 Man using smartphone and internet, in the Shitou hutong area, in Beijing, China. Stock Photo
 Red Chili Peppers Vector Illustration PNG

--

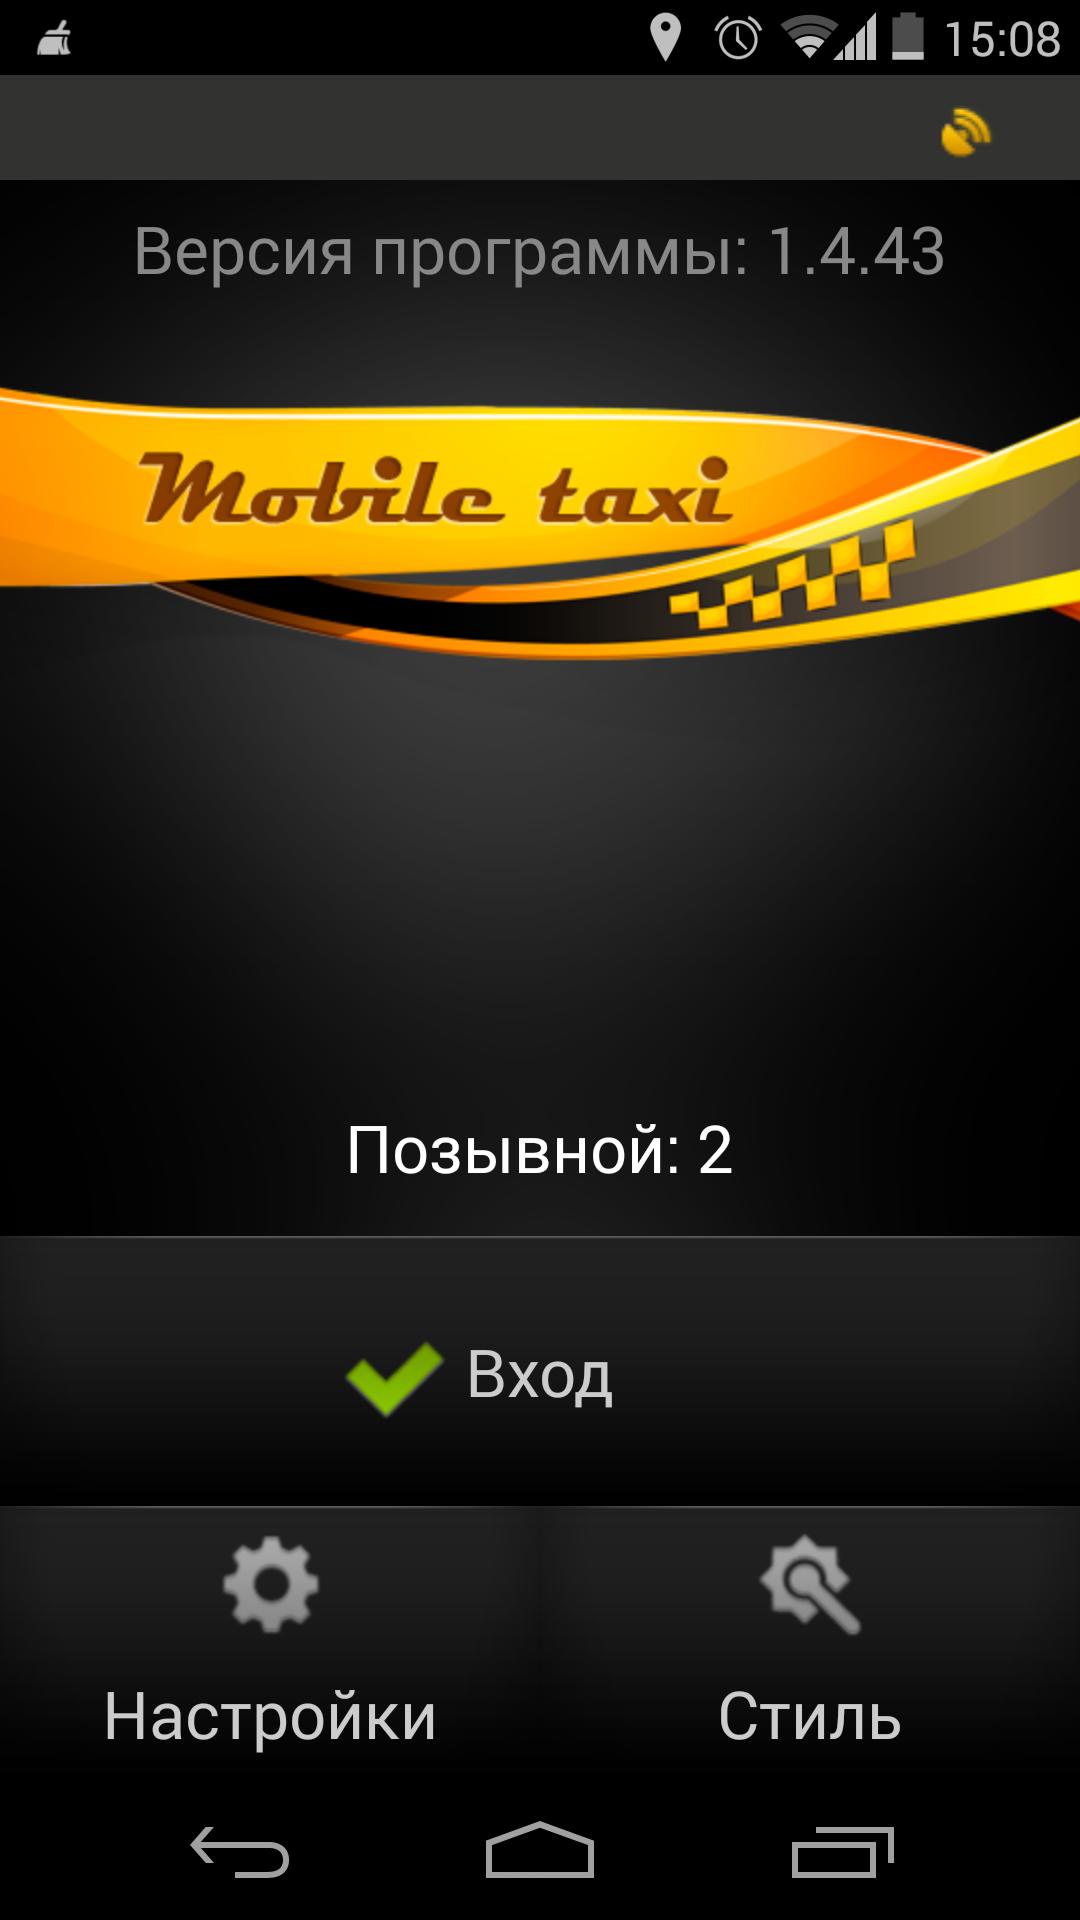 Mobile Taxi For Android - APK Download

### Exercise
Go back to the listing above. Copy word for word the lines from the one with "Man using smartphone" through the one with "Red Chili Peppers Vector Illustration PNG", and nothing more.

### Result below
 Man using smartphone and internet, in the Shitou hutong area, in Beijing, China. Stock Photo
 Red Chili Peppers Vector Illustration PNG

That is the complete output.